The role of the surgical care practitioner (SCP) is common in UK surgical centres. The SCP curriculum is robust and well developed in multiple specialties since it was first developed in 1989. The SCP role can often concentrate on technical skills, developing a skillset that is highly effective during traditional open surgical procedures. This skillset requires further investigation because technology-assisted surgeries are becoming more common, including the use of novel approaches to developing non-technical skills. To effectively develop this skillset, analysis of robust advanced practice frameworks is necessary, alongside clear alignment to the advanced practitioners' professional regulations. This article examines the interpretation of the advanced practice concept within technology-assisted surgeries, which is potentially guiding the evolution of advanced practice within operating theatres and improving patient care.

Since the NHS was formed in July 1948, it has undergone continual development to improve effectiveness and to modernise, including advancing non-medical roles to enhance patient care (Abraham, 2013). Contemporary guidance, including the NHS Constitution (Department of Health and Social Care (DHSC) (2015) and the NHS Long Term Plan (NHS England/NHS Improvement, 2019), has advocated increased collaboration with service users, while the DHSC (2022) and the Topol (2019) review provide useful frameworks for increased modernisation and digitalisation.

The report, Reshaping the Workforce to Deliver the Care Patients Need (Imison et al, 2016), acknowledged the need for improved provision of a dynamic, highly reactive workforce, signposting the increasing use of non-medical professionals in advanced roles to enhance NHS capacity while maintaining quality. Furthermore, the Royal College of Surgeons of England (RCSEng) (2016) predicted an increase in the use of assistive technologies in surgery, which would require additional advanced perioperative roles.

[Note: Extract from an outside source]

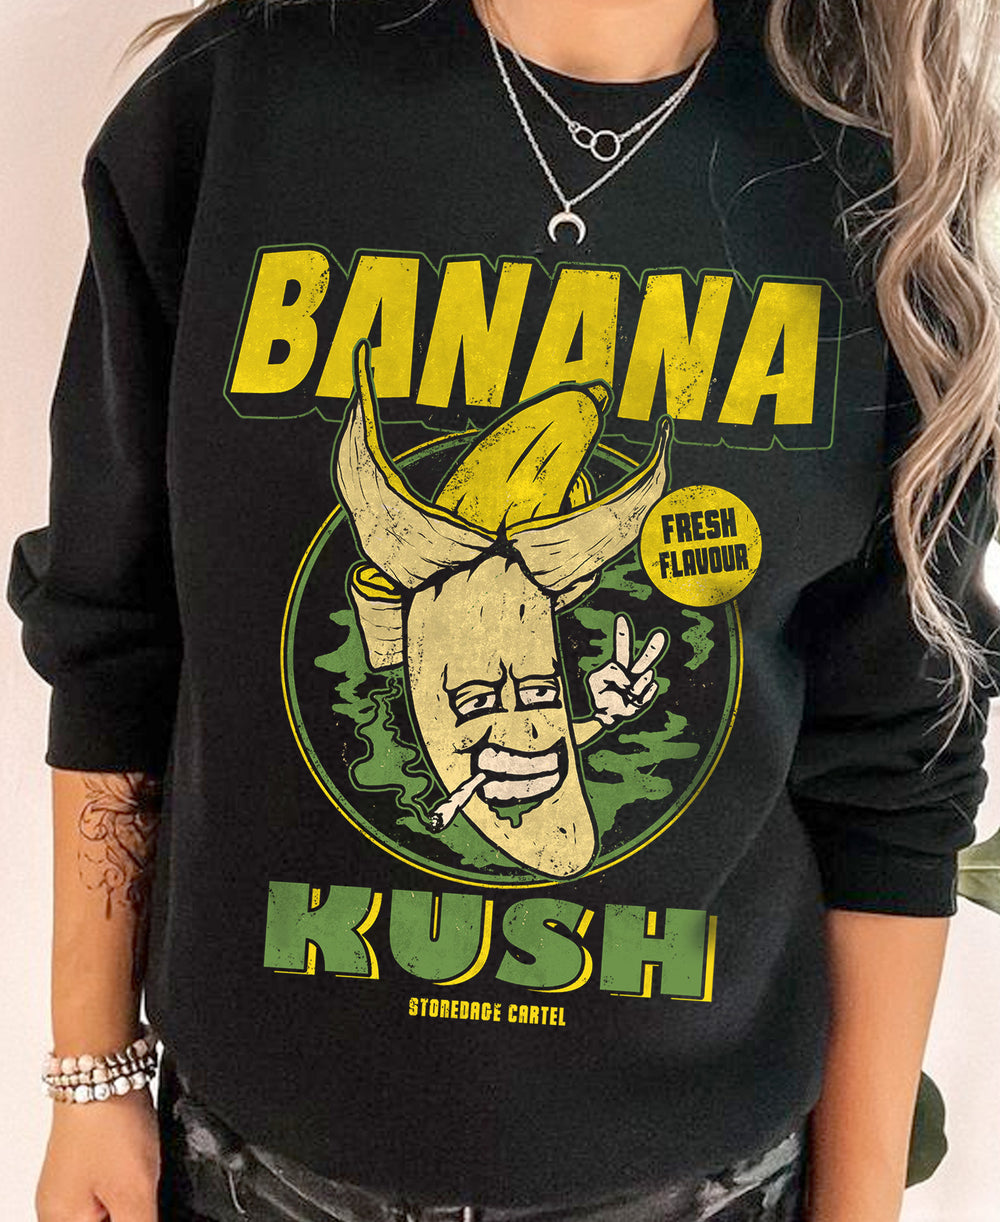 Banana Kush Unisex Sweatshirt, 420 Clothing Pealed Banana smoking weed funny unisex sweatshirt model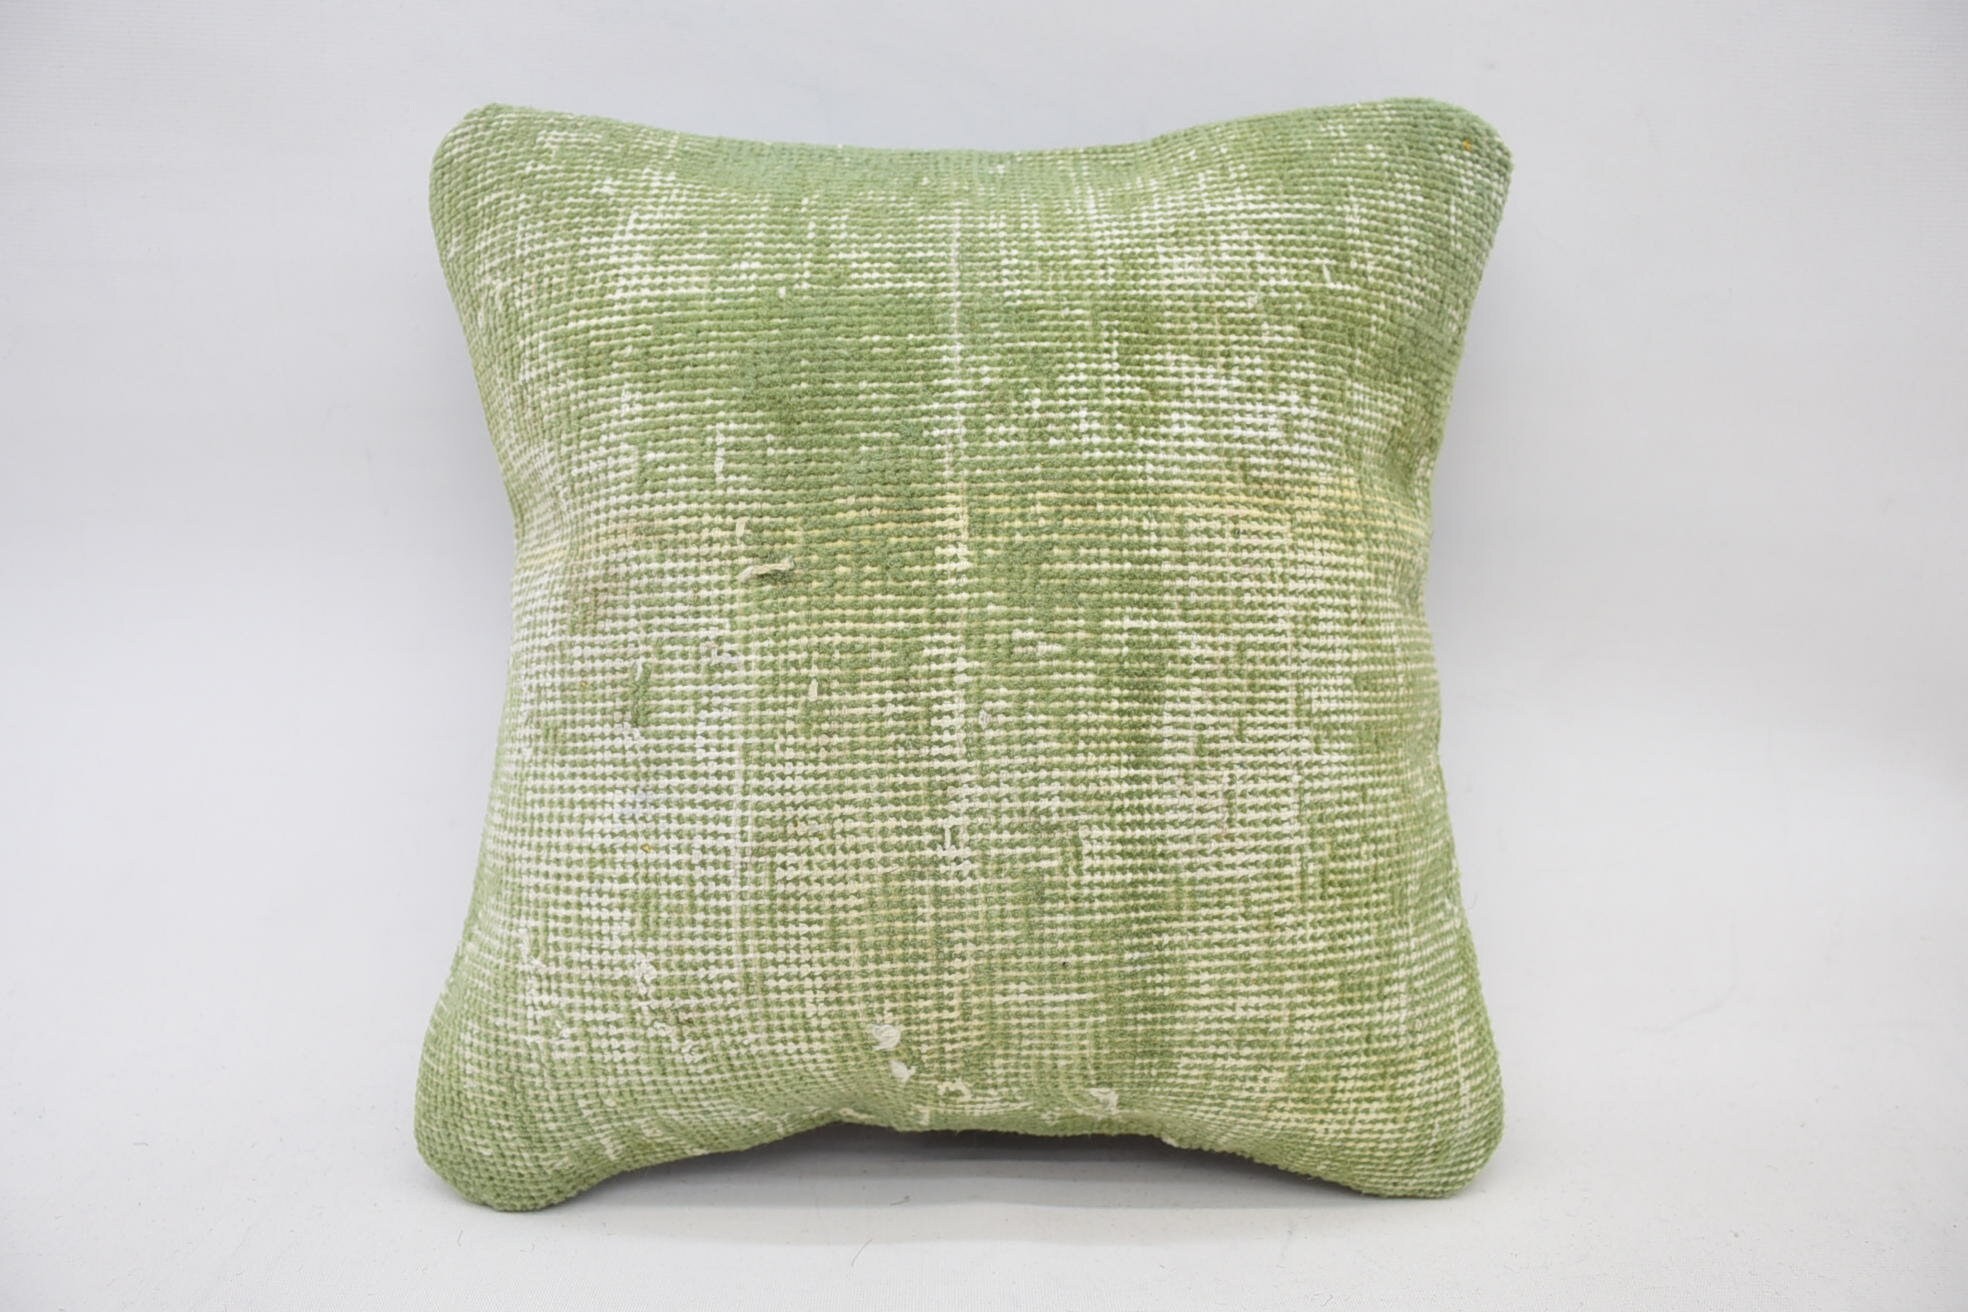 14"x14" Green Cushion, Kilim Pillow Cover, Cotton Pillow Sham, Ethnical Kilim Rug Pillow, Antique Pillows

To explore perioperative advanced practice, the authors performed a literature review to investigate advanced roles and assistive technologies in the operating theatre. Databases such as the Allied and Complementary Medicine Database (AMED), Cochrane, CINAHL, ProQuest and Medline were used. Additionally, the search criteria advance*, technolog*, surg* and role* were applied, with truncation chosen for increased likeliness of relevant hits. No date range was set to allow for historical insight into the development of advanced roles and technologies to be reviewed. Only publications in the English language that had not been translated were accepted, although appropriate international literature in English was included, dependent on its appropriateness to perioperative advanced practice. Excluding translated papers was to reduce the chances of any mistranslation in an already complex topic, although it was decided that this exclusion criteria could be relaxed if there was a low number of results.

The USA is one of the most active areas of expansion for non-medical advanced clinical practitioner (ACP) roles (Pulcini et al, 2010), and non-medical ACP roles are also integrated and maturing in Australia (Hains et al, 2017), New Zealand (Duffield et al, 2009) and within Europe (Maier, 2015), which supports the inclusion of international literature in this review.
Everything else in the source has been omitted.